Tailoring over dogma: Why there is no “general recipe”

A recurring theme in Pia’s account is the absence of a universal pattern or generic approach. The core of enabling is to make practices effective in the team’s specific context. What counts is impact—measured by whether the team can do its work better, deliver faster, and raise quality.

The implications:

  • Practices are tailored to concrete challenges.
  • Improvements are iterative and observable.
  • Ownership remains with the team; enablers work as part of the team, not as an external authority.

Shared language, shared understanding: The glue between business and engineering

Pia repeatedly highlighted the role of shared language and shared understanding:

  • BDD uses domain language and examples so everyone means the same behavior.
  • DDD brings domain and technical experts together to develop a conceptual model everyone understands.
  • Scrum activities and the joint formats (story mapping, ensemble programming, learning hours) ensure regular exchange.

This social, communicative dimension is the foundation for technical excellence. Without shared language, even solid architectures become hard to manage in practice.

Business agility as the result of technical excellence

One explicit goal Pia mentioned is improving business agility and success. The path runs through the technical layer: high-quality codebases, effective practices, sustainable test design, and a lived learning culture. If teams ship new features faster and with better quality, risk and cycle time go down—and the organization can respond to market needs instead of lagging behind.
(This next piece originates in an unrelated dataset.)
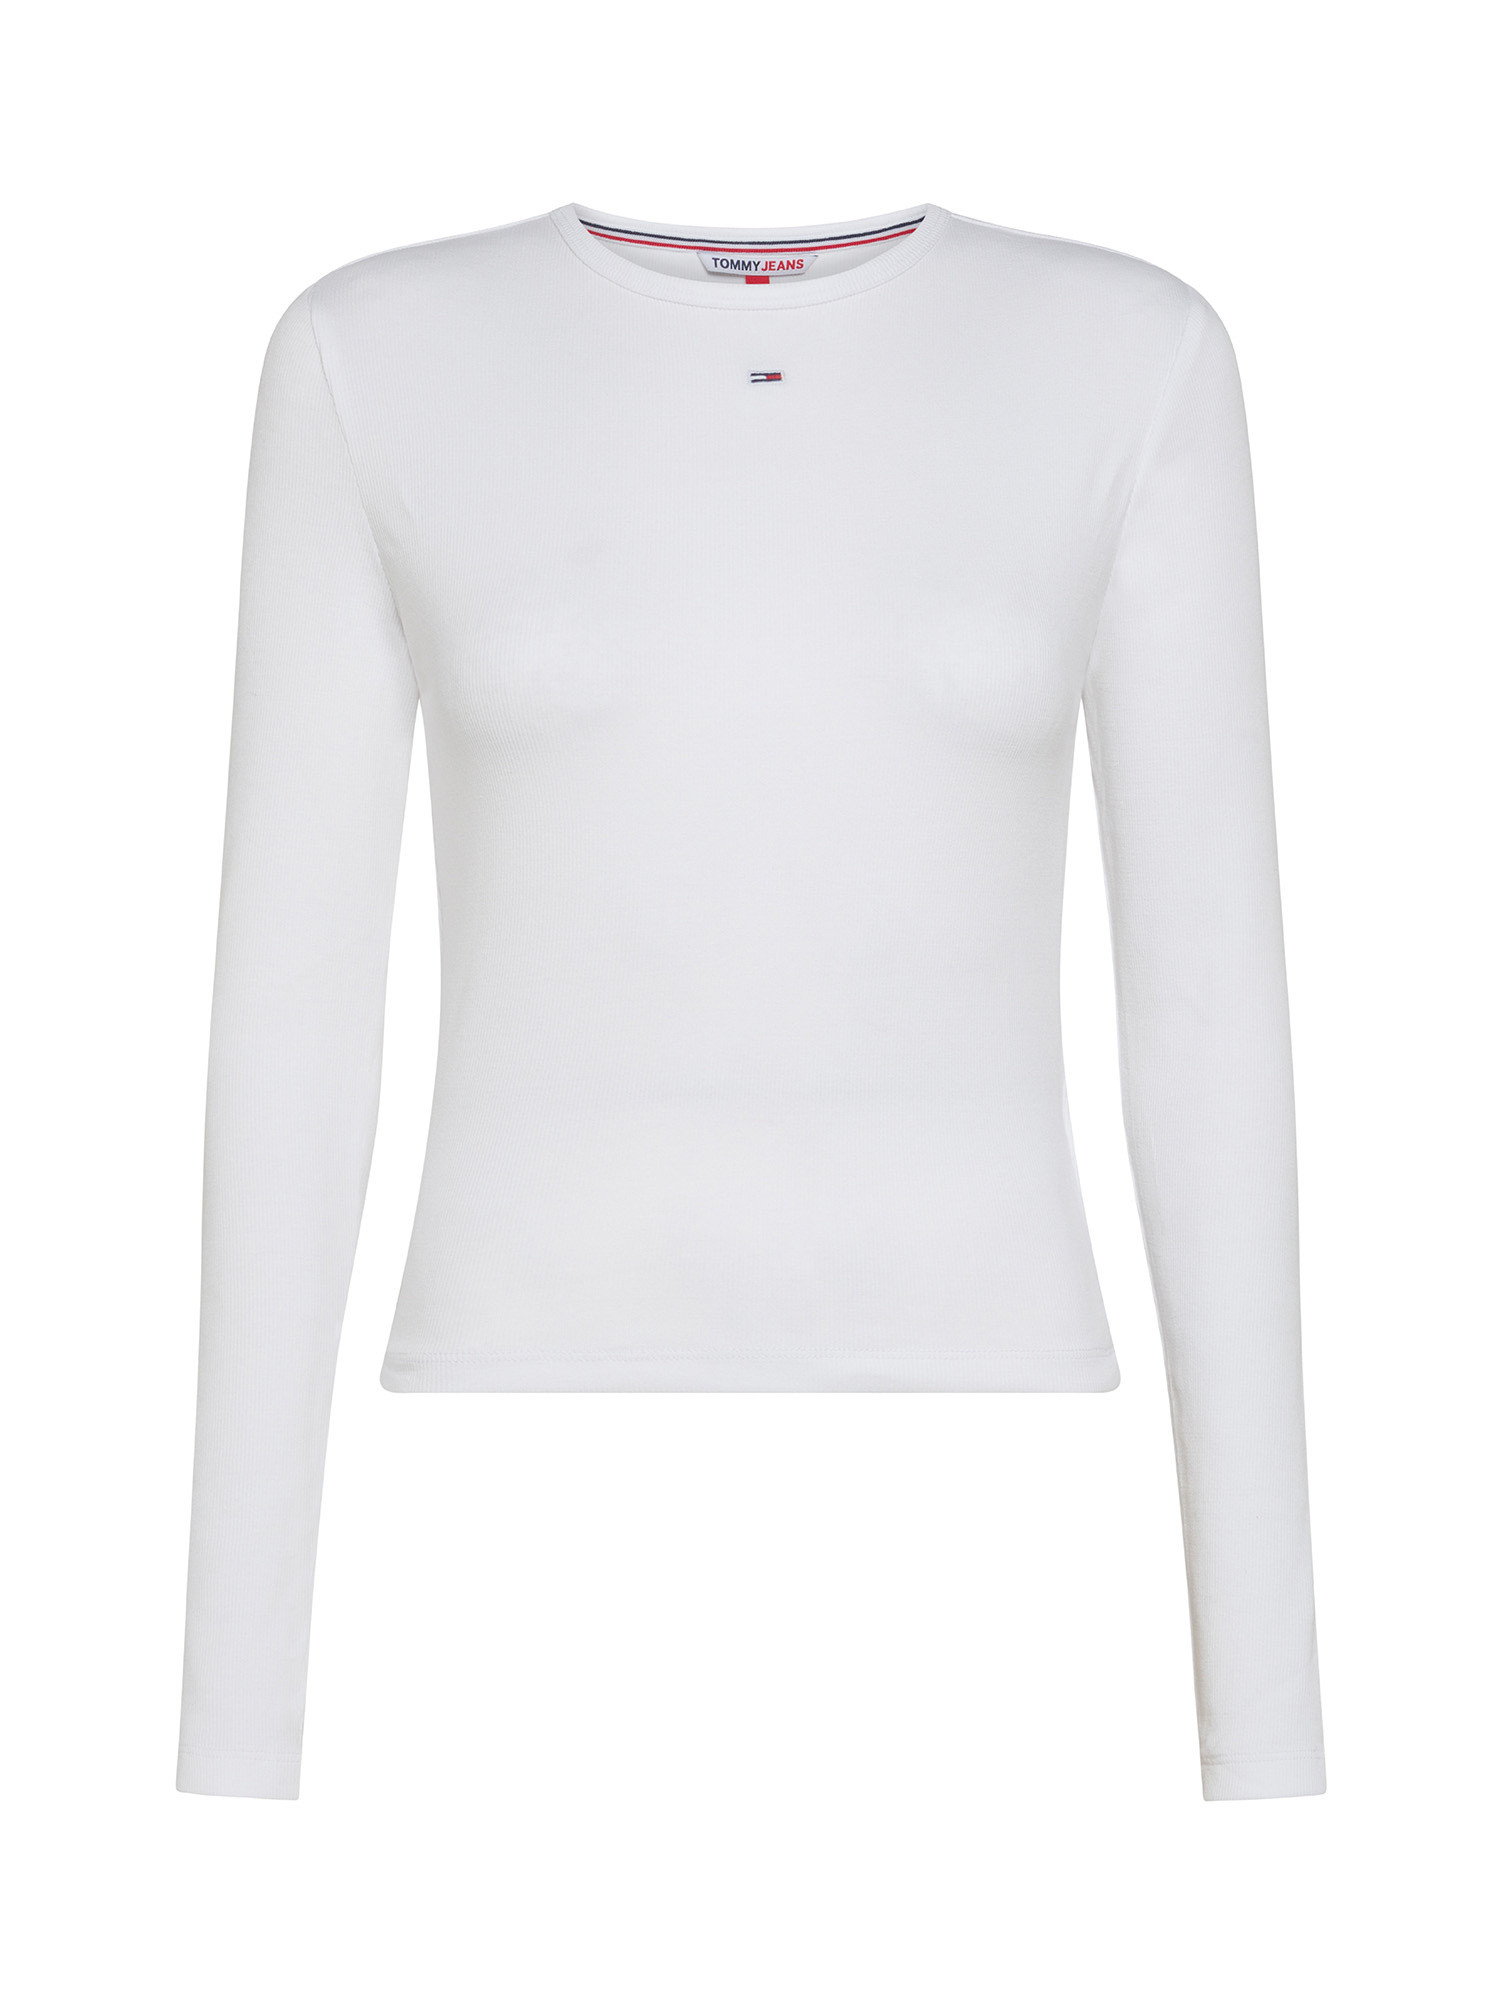 Tommy Jeans - Cotton crew neck sweater with logo, White, large image number 0

This is not a contradiction but a correlation: business agility emerges when technical agility is treated seriously. Technical Agile Enabling ensures that these foundations are in place and embedded in daily work.
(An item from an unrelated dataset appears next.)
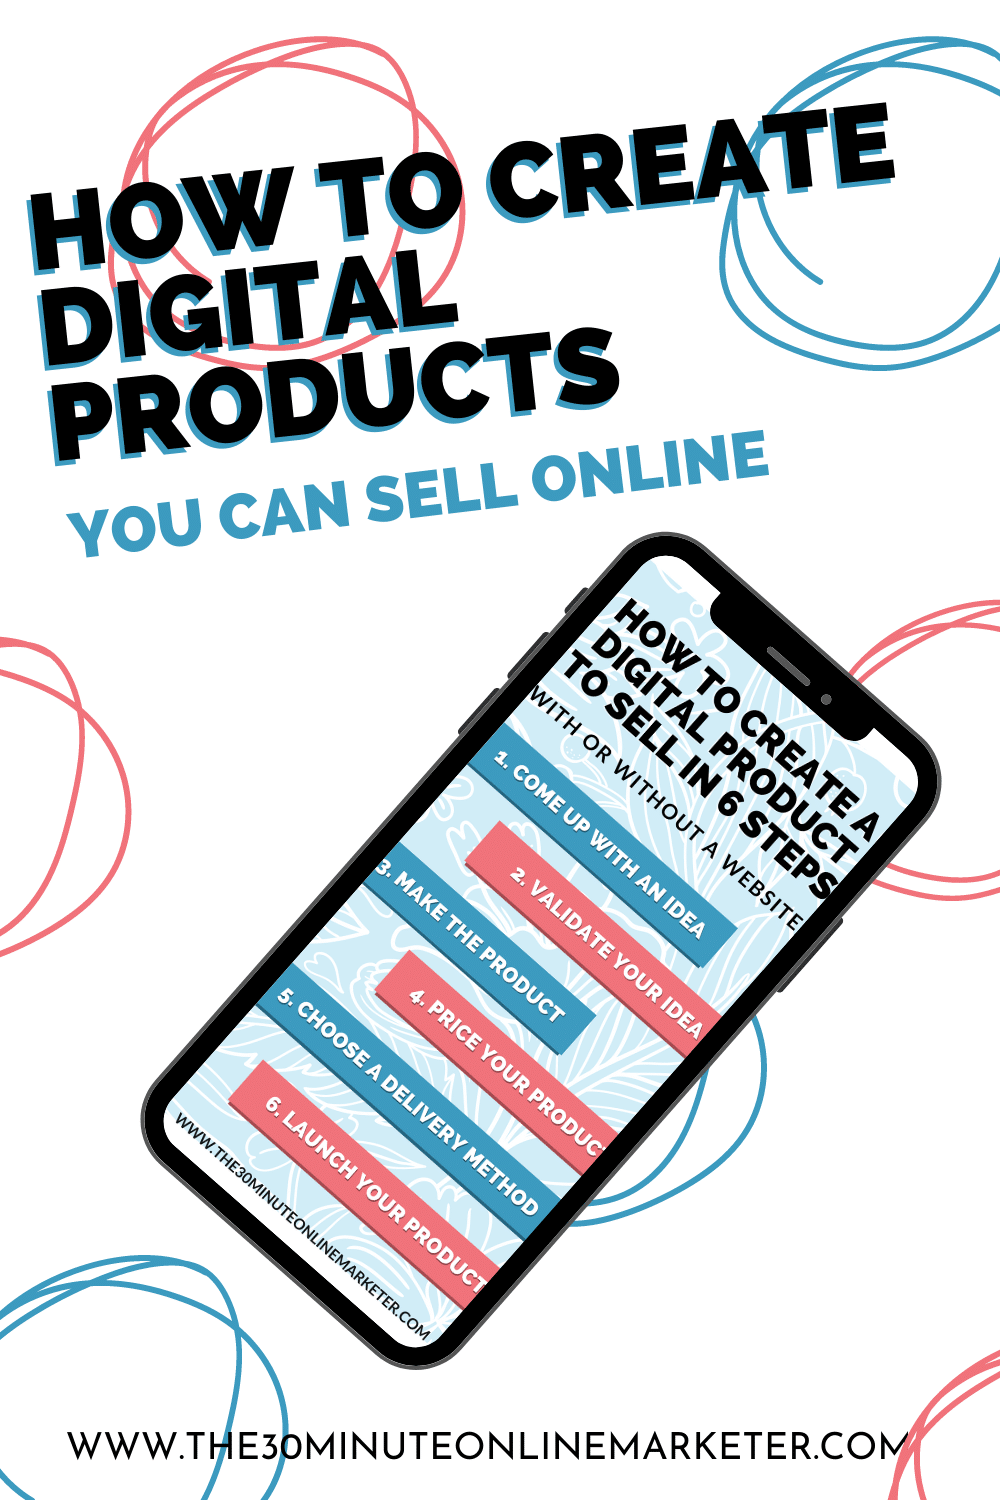 Create Digital Products to Sell Online

Concrete takeaways for teams ready to start

The session offered several actionable prompts:

1) Discover requirements together (BDD discovery)

  • Bring PO, tester, and developer together and derive examples plus rules.
  • Document in domain language and automate these examples during development.

2) Let the domain drive system design (DDD)

  • Bring technical and domain experts together to iteratively build a conceptual model.
  • Align decisions with the problem, not with fashionable architectures.

3) Design for testability and practice TDD

  • Optimize architecture explicitly for testability.
  • Treat tests as an investment into changeability; use TDD as a design instrument.

4) Embed collaboration formats

  • Use user story mapping for larger challenges.
  • Run ensemble programming sessions to spread knowledge and raise quality.
  • Establish learning hours so a learning organization becomes lived practice.

5) Favor context over dogma

  • Tailor practices to the concrete challenge.
  • Improve iteratively and keep ownership within the team.

Guiding principles that stick

  • Quality is deliberate: “Quality is no accident …”
  • Problem before solution: “… useful only if it solves the problem.”
  • Organize learning: a continuous learning organization and inspiring environment are both means and ends.
  • Think and build together: from requirements to test design, collaboration is the constant.
  • Tailor practices: there is no general pattern—solutions must actually help the team.

Conclusion: Enablement as daily practice, not a side project

As described by Pia Otter-Bäck (MIC), Technical Agile Enabling is a way of strengthening teams across the entire development stream. It starts with clarity in requirements (BDD), continues through domain-centered system design (DDD), and reaches sustainable test design including TDD. All of this is carried by joint work inside the team: story mapping, ensemble programming, learning hours, and active participation in Scrum activities.

The goals are simultaneously ambitious and grounded: raise technical expertise, build a learning organization, foster an inspiring environment, improve code quality, deepen domain understanding, and increase business agility. The path is not dogma but deliberate tailoring—solutions that genuinely help the team in its context.

For us, the core image from this session is that enablement is not a one-off initiative but a daily practice. It relies on clear language, shared models, automated verification, and learning formats integrated into the flow of work. That’s how “better code quality” becomes a felt reality in delivery speed and maintainability. And that is what makes the difference—today and tomorrow.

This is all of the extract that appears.